Here’s how I see this working. Apologies for spelling this out at some length.
WIthin OGRDB we will hold the data as set out on slide 1. In other words there will be a table for each of the 5 record types on slide 2, and the data will be normalised. In particular, per Christian’s point, the source records will be in separate tables to the gene descriptions, which means we only hold one reference to a source item, even if it is referred to from several gene descriptions (for example as a possible paralog).
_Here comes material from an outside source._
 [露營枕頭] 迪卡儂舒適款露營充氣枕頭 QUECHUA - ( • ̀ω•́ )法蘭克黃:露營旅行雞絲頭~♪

People will generally engage with the data by downloading files from OGRDB. If they want to make changes to the data they will modify the files and upload them. Consider, for example, a curator working on a gene description. It seems sensible to provide them with a gene description file which contains the gene description record itself, plus the source records that it refers to. It will be much easier for people to work with that, than to give them a list of every source record in the system, and expect them to cross reference between that list and the gene description.
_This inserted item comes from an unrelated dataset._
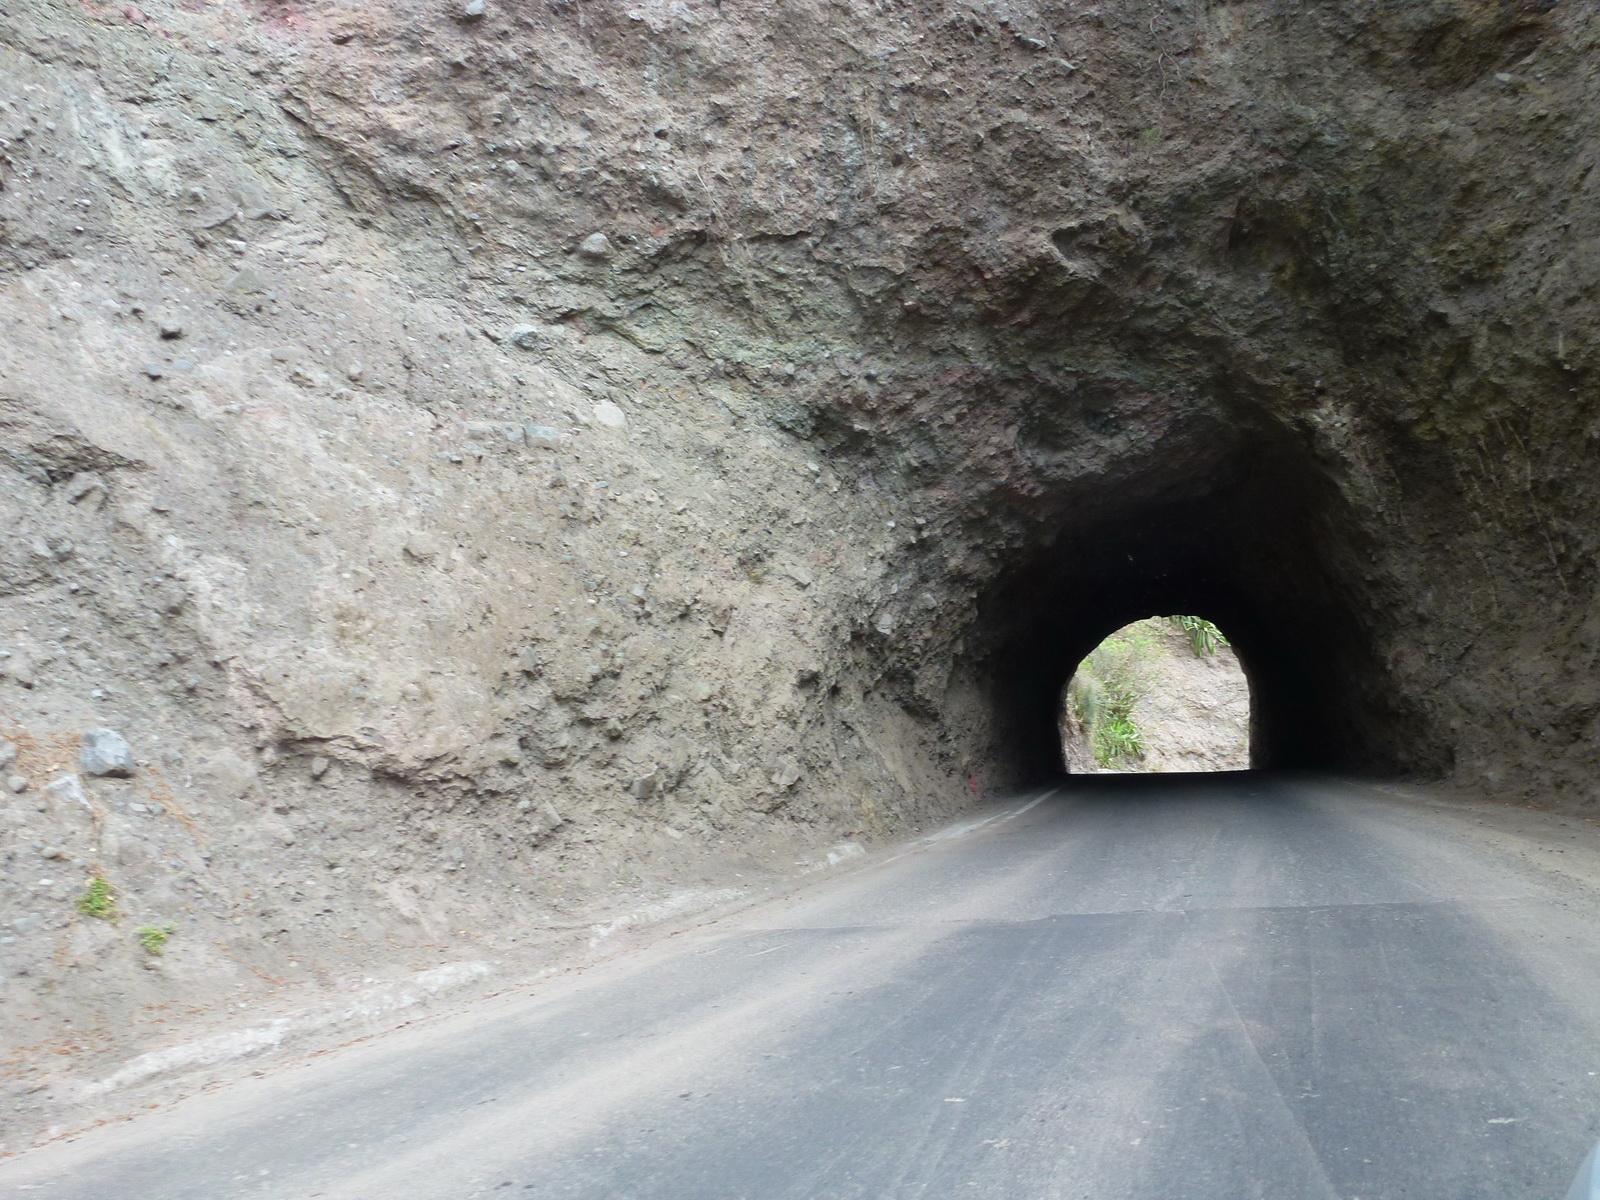 LA RÉUNION : la route de Cilaos, dite route aux 400 virages 538892P1030341

How would this work for edit and upload? Subject to the checking and review discussed earlier on this thread, people would be able to make changes to that gene description file and push it back to OGRDB. OGRDB would reflect those changes in the underlying tables. Suppose, for example, that they change the confidence rating associated with a source. OGRDB will modify the rating in the source record table, and at that point, any gene description referencing that source will ‘see’ the updated rating, because all references to the source are linked through that sinlge record. The data, as held by OGRDB, is always held in normal form. The point I was trying to make with the note on the last slide was that you might not realise that, if you look at the file formats. It’s an issue I haven’t addressed sufficiently clearly in the past - this exercise started off as an attempt to define a file format for parsers, and morphed into something that was much more focussed on underlying data structure.
I hope this is clear now, and if it would help the explanation to modify the slides please let me know.
By the way I am wondering whether I should create a more formal entity-relationship diagram to go alongslide the diagram in slide 1. If people would like to see that, please let me know and I will put it on the list.